I was first introduced to mindfulness whilst in dialectical behavioural therapy, shortly after being diagnosed with Borderline Personality Disorder. We talked a lot about being in ‘wise mind’ and not being ruled by our emotions. The meditation we practiced was based around Buddhist mindfulness and redirecting thoughts.
Again, whilst recovering from alcoholism in my mid thirties it was a life of ongoing meditation that would be the keystone to sobriety and spiritual growth. It was then that I searched for a practice that would benefit me, and one that was in line with the principles I had adopted whilst in recovery.
It was a long and difficult search to find the right mindfulness practice for me. As I discovered, most are based around Buddhism and eastern religions and philosophies. The problem was that I was not a Buddhist; not that I have anything against Buddhism, but I was raised in Christian values and although not a religious man I wanted to improve in the principles of love, patience and tolerance that I was introduced to in recovery. Spiritual principles grounded in faith – rather than self.
It was whilst searching for a meditation that I met a man who introduced me to non contemplative meditation. It was a non religious mindfulness exercise that didn’t conflict with my beliefs. It was a way to grow in faith and more importantly a way to build resilience against stress and overcome anxiety, depression and other internal conflicts.
Three years ago after developing CPS I eventually got referred to a pain clinic and the main topic of discussion was of finding a mindfulness meditation practice. Once again, meditation was introduced as a way to deal with the mental pressure of living with chronic pain. In short, every avenue of help during my lifetime has led to meditation as a solution to internal conflicts and poor mental health.

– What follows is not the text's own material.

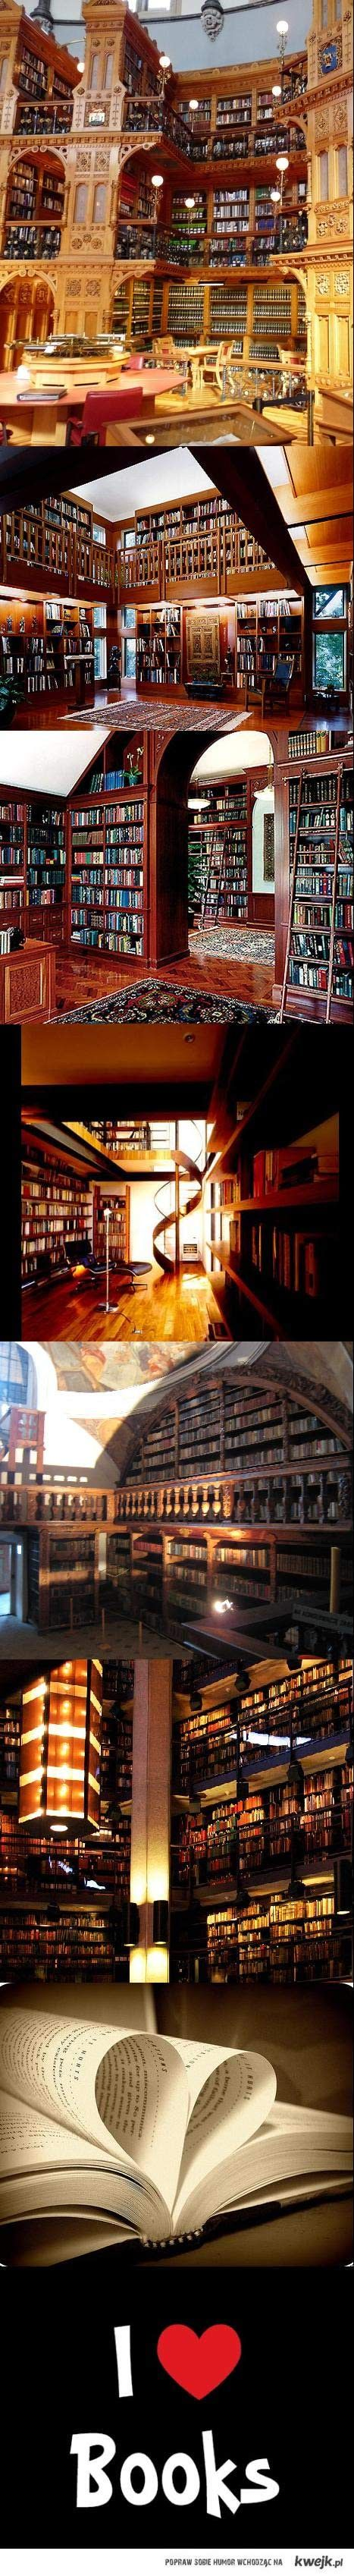 I love books.

And meditation does more than just improve the mind. It reduces stress, which in turn improves the immune system. observing negativity without being affected by it has led to periods of lower pain days. It has also helped me overcome the fears I have experienced since developing CPS and led to a more positive attitude. It has also regulated my emotions, which for someone with bpd (borderline personality disorder) is a huge deal.

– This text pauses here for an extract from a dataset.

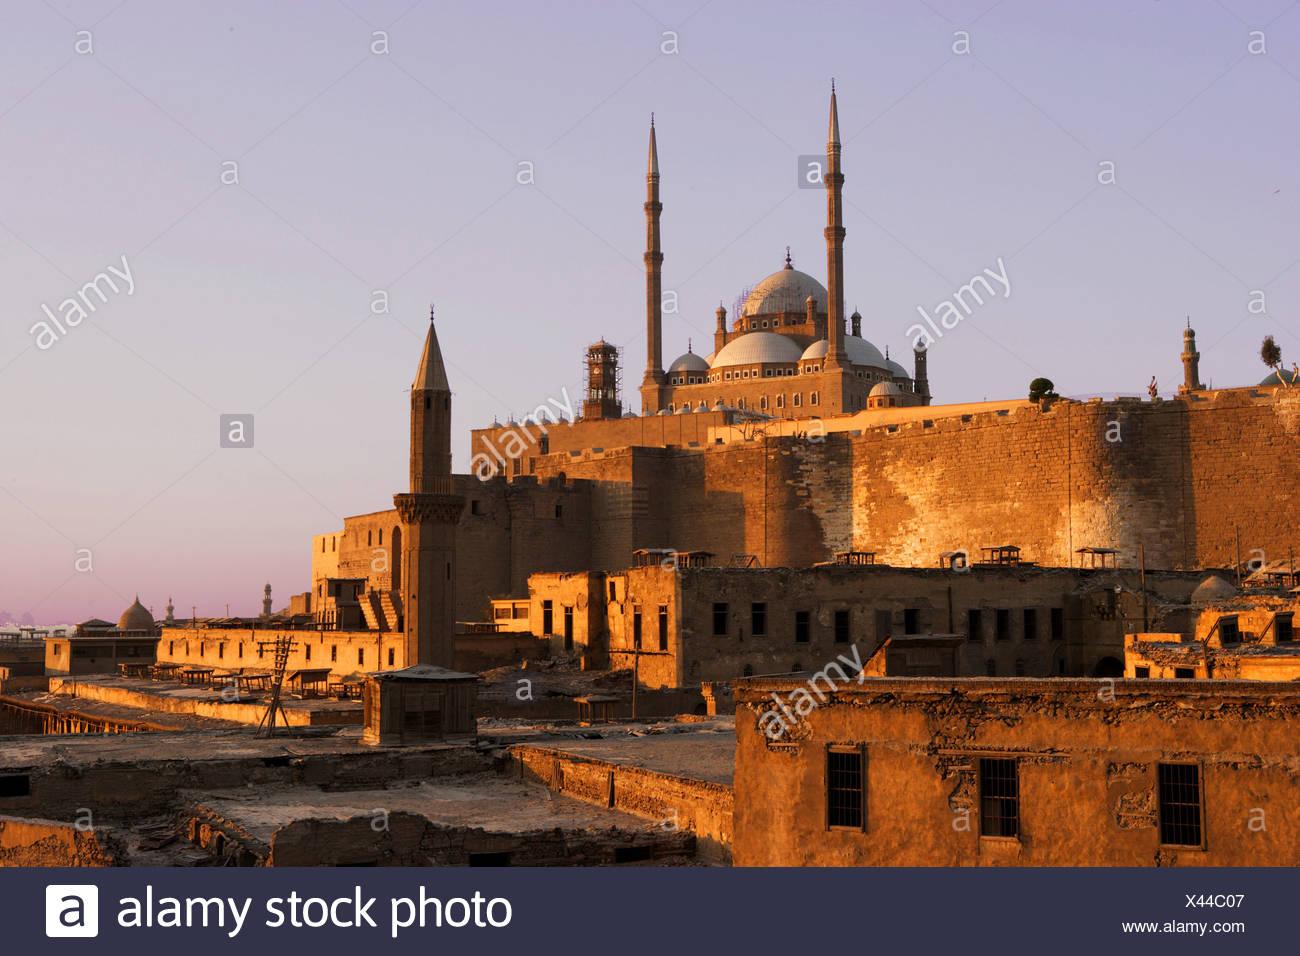 Egypt North Africa Cairo Muhammad Ali mosque alabaster mosque dusk twilight - Stock Image

There are litteraraly hundreds of meditation practices available. Many are guided distraction techniques which are helpful in the short term and can be useful in a flare up. But using distraction as a long term practice only serves to suppress problems further. Stress needs to be dealt with, in the moment, as we go about our days. Conscious awareness dissolves negative emotions the more we practice being mindful in the moment.

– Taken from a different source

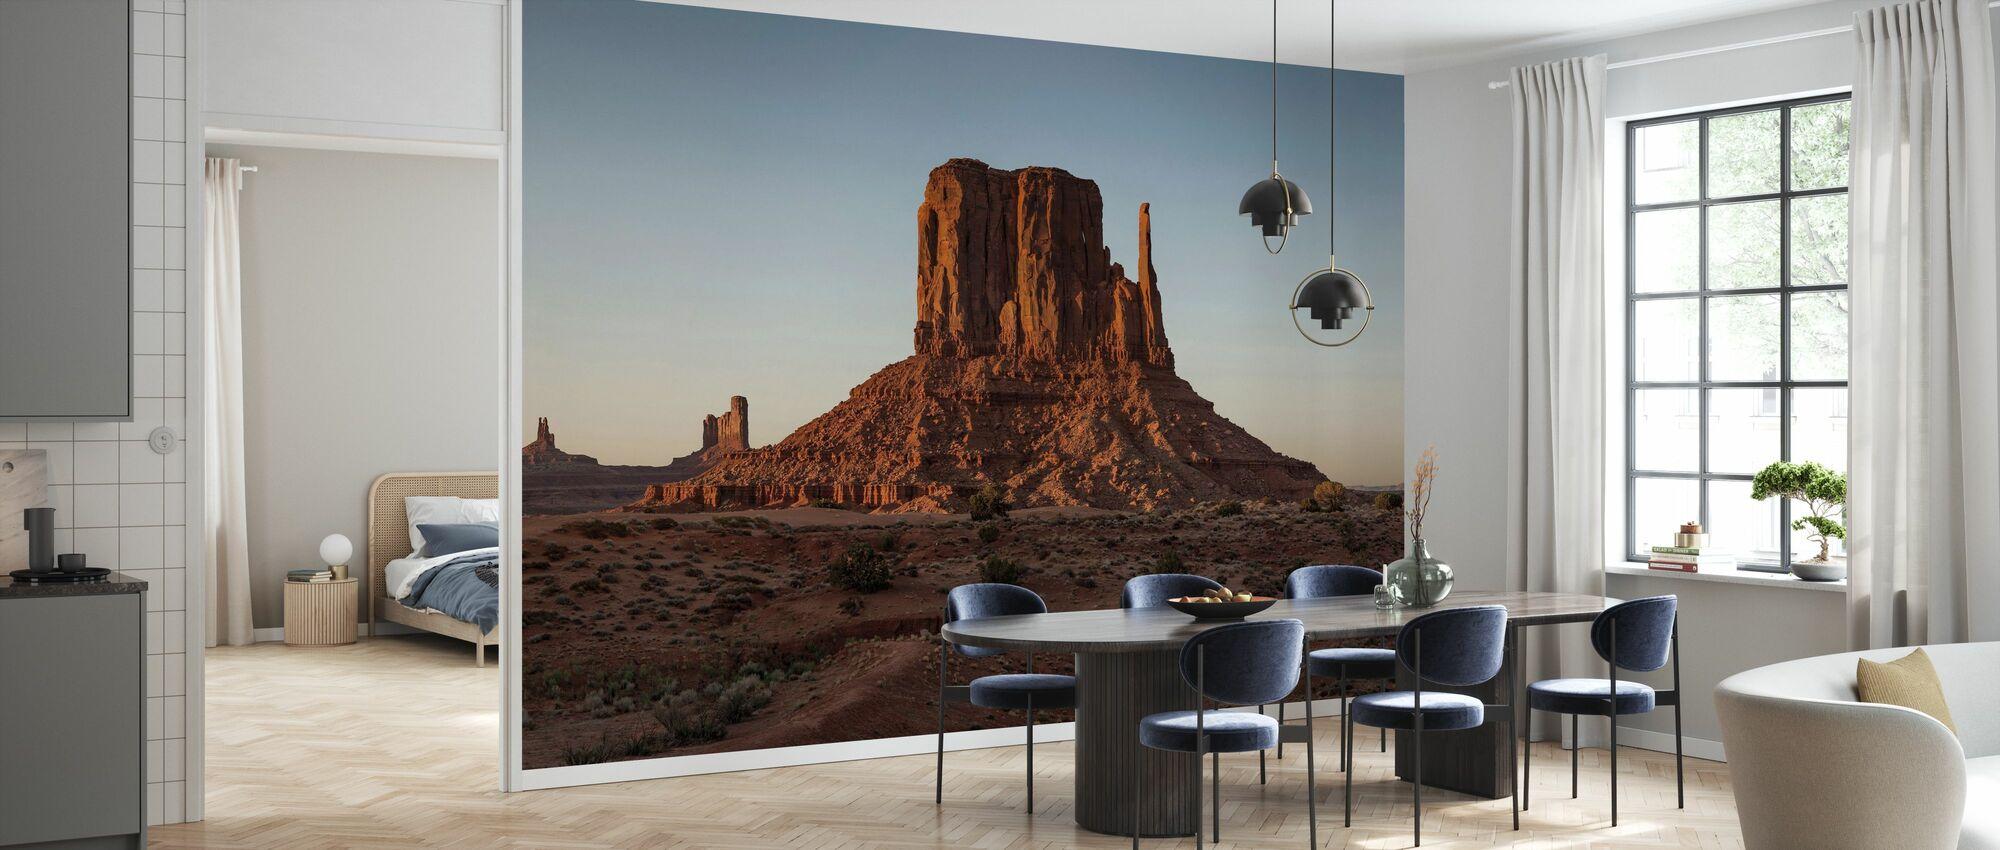 Scenic Landscape - Wallpaper - Kitchen

If you are new to meditation and are unsure where to begin I can suggest a free, non religious practice that is a way to seperate from thoughts and be conscious in the moment. This is a powerful awakening exercise. One that expels resentment energy and free’s us from the bondage to negativity. I have been practicing it daily for the last 7 years and it has been life changing.
Mindfulness is at the centre of my life and as a result it has allowed me to let go of a lot of the frustration and fear around my condition. I now find myself at a place of acceptance – which isn’t approval. It just means I no longer struggle emotionally and no longer harbour anger at the injustice of living with chronic pain. I can highly recommend making Mindfulness a daily practice in your tool box. It can change the course of your life. It is a powerful line of defence against the emotional battering of CPS.